What Kaiser researchers do know is that the decrease in MPI utilization is not due to increased use of other imaging modalities.
"It could've been that an alternative imaging modality like CT angiography became the dominant player, and there was a dramatic shift to stress echocardiography," lead author Dr. Edward McNulty, chief of cardiovascular services at Kaiser Permanente San Francisco Medical Center, told AuntMinnie.com. "But we looked at both of those [modalities] in this population, and we could not explain the decline on that basis."
The abrupt drop in MPI utilization might indicate a change in physicians' attitudes toward the imaging test; however, incident coronary disease, using myocardial infarction as a benchmark, also declined, the authors wrote (JAMA, March 26, 2014, Vol. 311:12, pp. 1248-1249).
End of the boom
The sharp turnaround in 2006 followed a spirited growth cycle during which nuclear MPI accounted for many of the cardiac imaging procedures performed from the 1990s through the middle 2000s.
"Everyone has observed anecdotally that myocardial perfusion imaging use was declining, but most of the data were from industry surveys or Medicare Part B over the age of 65," McNulty said. "That, to me at least, seemed counter to the continuing trend that cardiac imaging use was increasing, because that is not what those of us in the field were observing."
McNulty and colleagues reviewed MPI use from 2000 to 2011 for patients 30 years of age and older in the clinical databases of Kaiser Permanente Northern California. The integrated healthcare delivery system provides inpatient and outpatient care for more than 2.3 million adults.

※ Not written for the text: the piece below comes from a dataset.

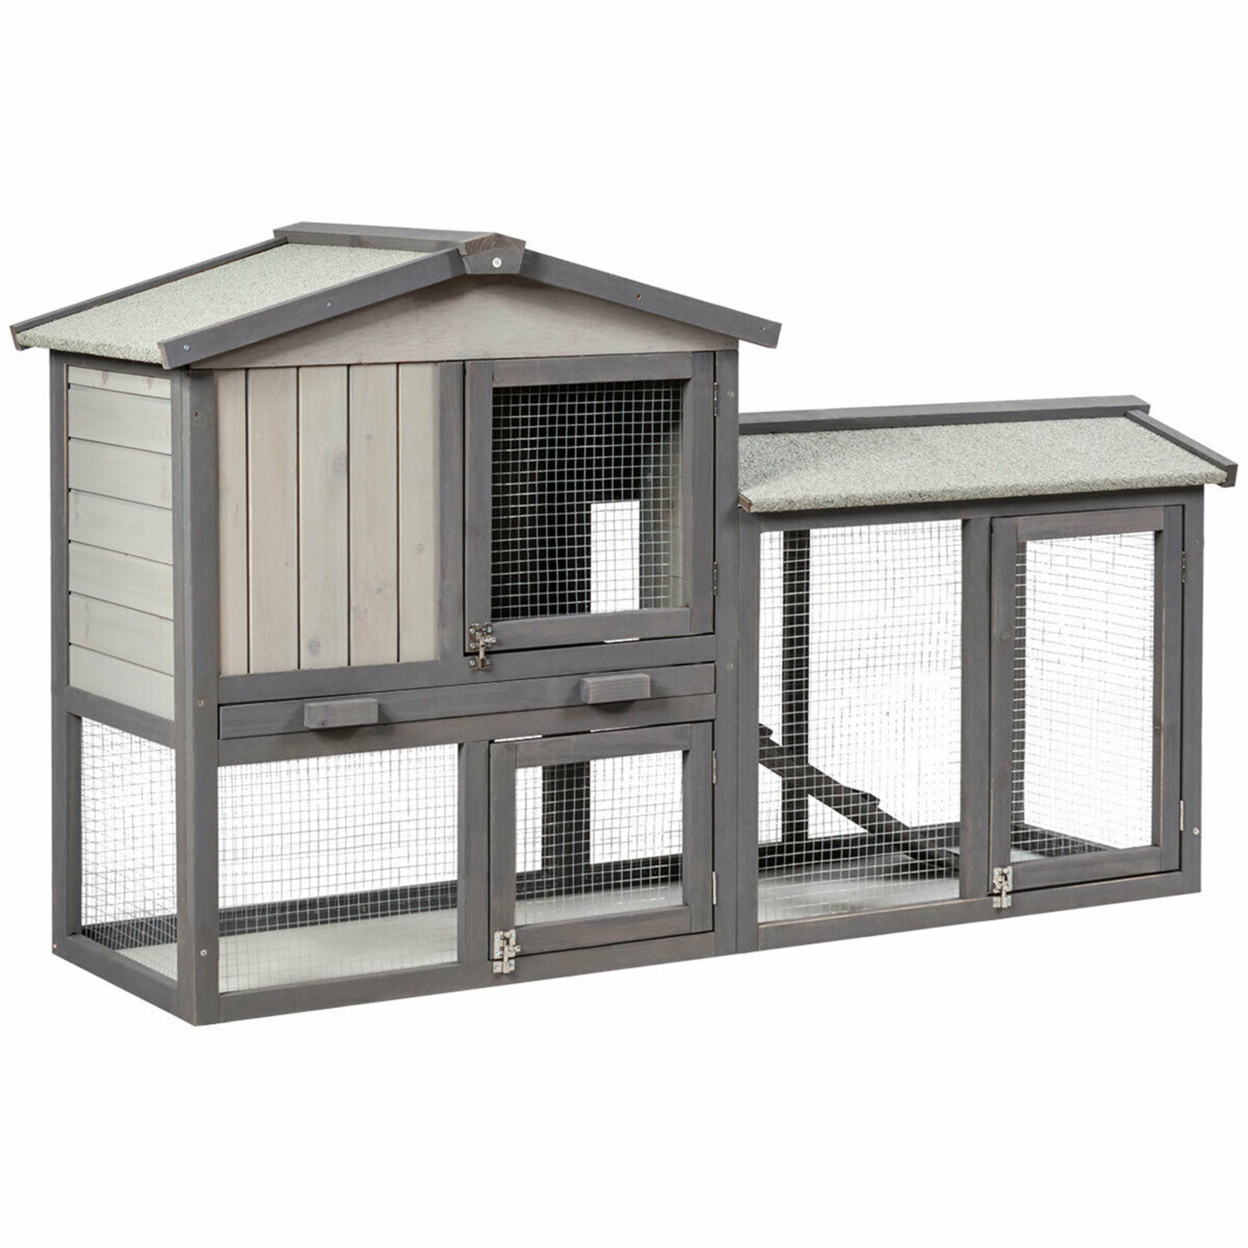 58'' Wooden Rabbit Hutch Large Chicken Coop Weatherproof Indoor Outdoor Use Gray

To assess the potential use of other imaging modalities instead of MPI, the researchers also estimated annual rates of cardiac CT and stress echocardiography from 2007 to 2011. Use of perfusion PET and perfusion MRI were negligible during the study period.
Overall, MPI was used for 302,506 Kaiser Permanente members (during 23.2 million person-years of follow-up) at 19 facilities. From 2000 through 2006, MPI use increased by 41%. Utilization peaked in 2006 and then decreased by 51% by 2011 -- falling by half in just five years.
Declines in MPI scans were greater among outpatients (58%) than inpatients (31%), as well as for persons younger than 65 years (56%) versus those older than 65 (47%).
"You'll notice that there is less use in younger people and there is less use for outpatients," McNulty said. "Those are persons who have lower risk for coronary disease in general. To us, that is a signal that MPI is being used more selectively for persons who are at greater pretest risk of having coronary disease."
The reduction in MPI did not correspond to an increase in the use of other imaging modalities, the researchers found. Stress echocardiography use was unchanged, with 189 tests per 100,000 person-years in 2007 and 182 per 100,000 person-years in 2011.
Cardiac CT use (tests per 100,000 person-years) increased from 37 in 2007 to 73 in 2011, but even that increase accounted for only 5% of the decline in overall MPI use, the authors noted.
During the period of decreasing MPI utilization, incidents of myocardial infarction also fell by 27% in the study population, from 286 events per 100,000 person-years to 208 events.
"The decline is so abrupt that it seems to argue it was more a change in [physician] behavior than disease prevalence," McNulty said. "Coronary disease, if you use myocardial infarction as the mark, has been declining gradually during the decade, so it is hard for us to attribute the decline to coronary disease."
The utilization decline in MPI since 2011 is beginning to level off, McNulty said.
Why the decline?
So what led to the drop? It could be due to the various forces trying to limit utilization -- or maybe not.
"There are a lot of factors that can potentially limit the use of cardiac imaging that began to emerge in the 2000s, not the least of which was the use of radiology benefits managers and declining reimbursement," McNulty said.
However, Kaiser Permanente is an integrated healthcare delivery network and does not need to obtain third-party approval for tests, nor does it employ radiology benefits managers. So there is no direct financial incentive for Kaiser physicians to perform or not to perform tests, McNulty explained.
"This is one of those studies that describes an interesting behavior phenomenon, but it raises a lot of other important questions," he added.
To answer some of those questions, McNulty and colleagues plan to examine whether less use of MPI actually increases the diagnostic yield of tests that are performed. They also want to more formally assess a patient's pretest risk in conjunction with appropriate use criteria to see if tests are being applied more appropriately.
"All these tests are wonderful tools; I think imaging has been one of the reasons we have started to conquer coronary disease," McNulty said. "But at the same time, every time we perform a test, there is also the potential for more tests to be performed downstream. You have to recognize the positives and the negatives in these tests."
One of the study's limitations is that the findings apply only to the Kaiser environment, but McNulty said that medicine is headed in this direction with the proliferation of accountable care organizations.
"I think these results inform a larger dialogue about how we are going to control use in the future as we have more older people, who potentially will consume more resources," he said. "We may have to look at different delivery systems that are able to manage the growth."